A lifetime of service and duty

Published on: 12 September 2022

Dr Martin Farr reflects on the life of Queen Elizabeth II.

It could not have been more appropriate that the last public photograph of Queen Elizabeth II was taken two days before her death and was of her undertaking official duties. Indeed, she was performing perhaps her single most important duty: inviting a Prime Minister to form a government. Duty may be regarded as defining her reign.

Outgoing and incoming Prime Ministers having to make round trips to Balmoral from Westminster in this second week of September 2022 was an indication both of continuity – Liz Truss is the Queen’s fifteenth premier; the first was Winston Churchill – and change: in 1974 she flew from Australia to be in Buckingham Palace in time to receive the Prime Minister. 

That it was always known this moment would come does little to diminish its impact, even for those who may feel little or no personal or political sympathy with the Queen as a person, the Royal Family as an institution, or monarchy as a constitutional arrangement. The announcement of her death will be a moment few who know of it will forget, almost as imperishable as the memory of the moment of their meeting will remain for the many who met her.

A reign of length spans change. In the case of Elizabeth II, such change was not just in the events but in their acceleration. The ‘new Elizabethan era’, as it was called in the early 1950s, was also the ‘jet age’; seventy years later she negotiated a global pandemic by co-opting video conferencing, just as her father had embraced radio broadcasts in the 1930s.
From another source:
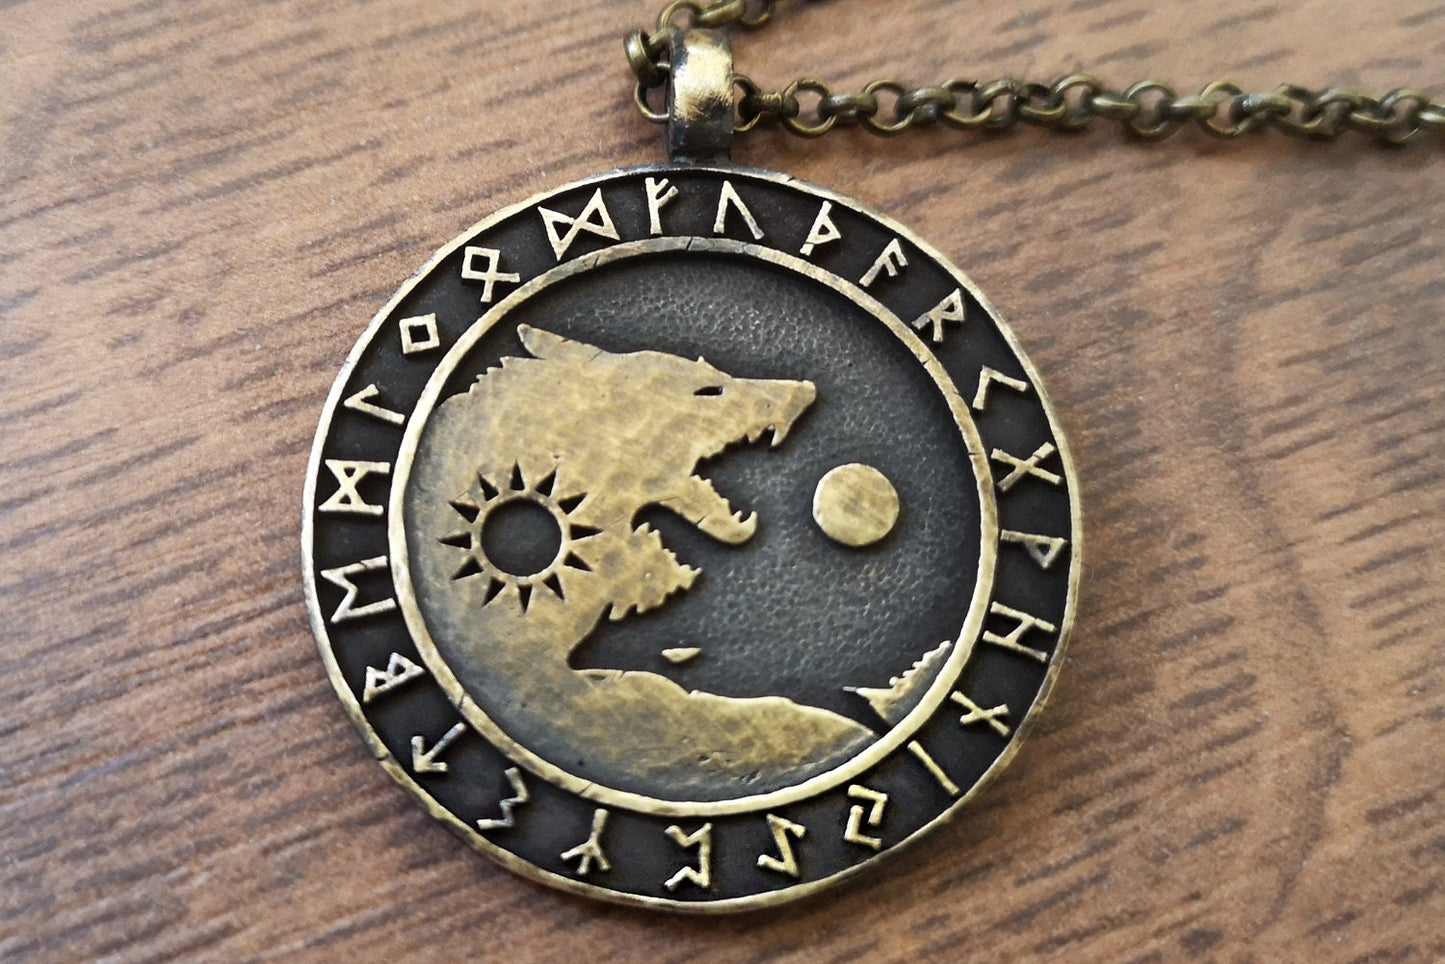 Keltisch und Wikingisch inspirierte Halskette mit Wölfen Skoll Hati, die Sonne und Mond jagen - Balance im Leben, Freundschaftsanhänger für beste Freunde

It was clear that 2022’s jubilee – her seventieth – would be her last; there is unlikely ever to be another Platinum regal celebration.

Monarchs are accidental, are creations of circumstance, but some more than others. Initially she had no expectation of serving. One of the many remarkable aspects of the Queen’s reign is that it produced the two most experienced public figures in the world – Elizabeth II and Charles III – but did so only because in 1936 her uncle, Edward VIII, declined to make the sacrifices required by his station, and abdicated.

So much of her reign was in the manner of that of her father, thrust into the role by an older brother who did not value duty. George VI passed the spirit of service to his daughter, who succeeded him in 1952. The Queen was not by nature a reformer, but was open to change; her father was perfectly happy with a Labour government and a welfare state under Clement Attlee in 1945. No longer Emperor of India, portraiture presented him as head of a middle class family.

The Sovereign’s ascendancy derived from leading by example, beginning with the young adult in uniform in the Second World War – with which she was almost our last connection – a war which framed her life, as it tended to for those who lived through it. It reflected broader social change that though her purpose was principally public service, her descendants were increasingly viewed through the lens of celebrity. Prince Philip’s 1969 Royal Family documentary came to be regretted – too much ‘daylight’ let in upon ‘magic’ – while the twenty-first century paring of the family into ‘working royals’, and the centrality of the line of succession, pointed to its intended future.

A measure of the achievement or effectiveness of a public figure is the nature and tenor of the criticism they receive. It is hard ever to have discerned any directed at the Queen personally. To have been so prominent for so long without arousing or attracting significant controversy in an age of intensifying scrutiny and diminishing deference is not the least of her achievement. Hers was originally an imperial crown, but she died in a multi-faith, multi-ethnic, democracy that seemed content with a hereditary monarchy.

A critic could present a narrative of ‘crown in crisis’, of rows and scandals – some of the worst the most recent – yet the closest the Queen came to political controversy was the appointment of the Prime Minister in 1963 (and that was not made public), or her words in 2014 – “I hope people will think very carefully about the future” – concerning Scottish independence. She forbore the disintegration of the empire she pledged to serve, and leaves a fragile Union.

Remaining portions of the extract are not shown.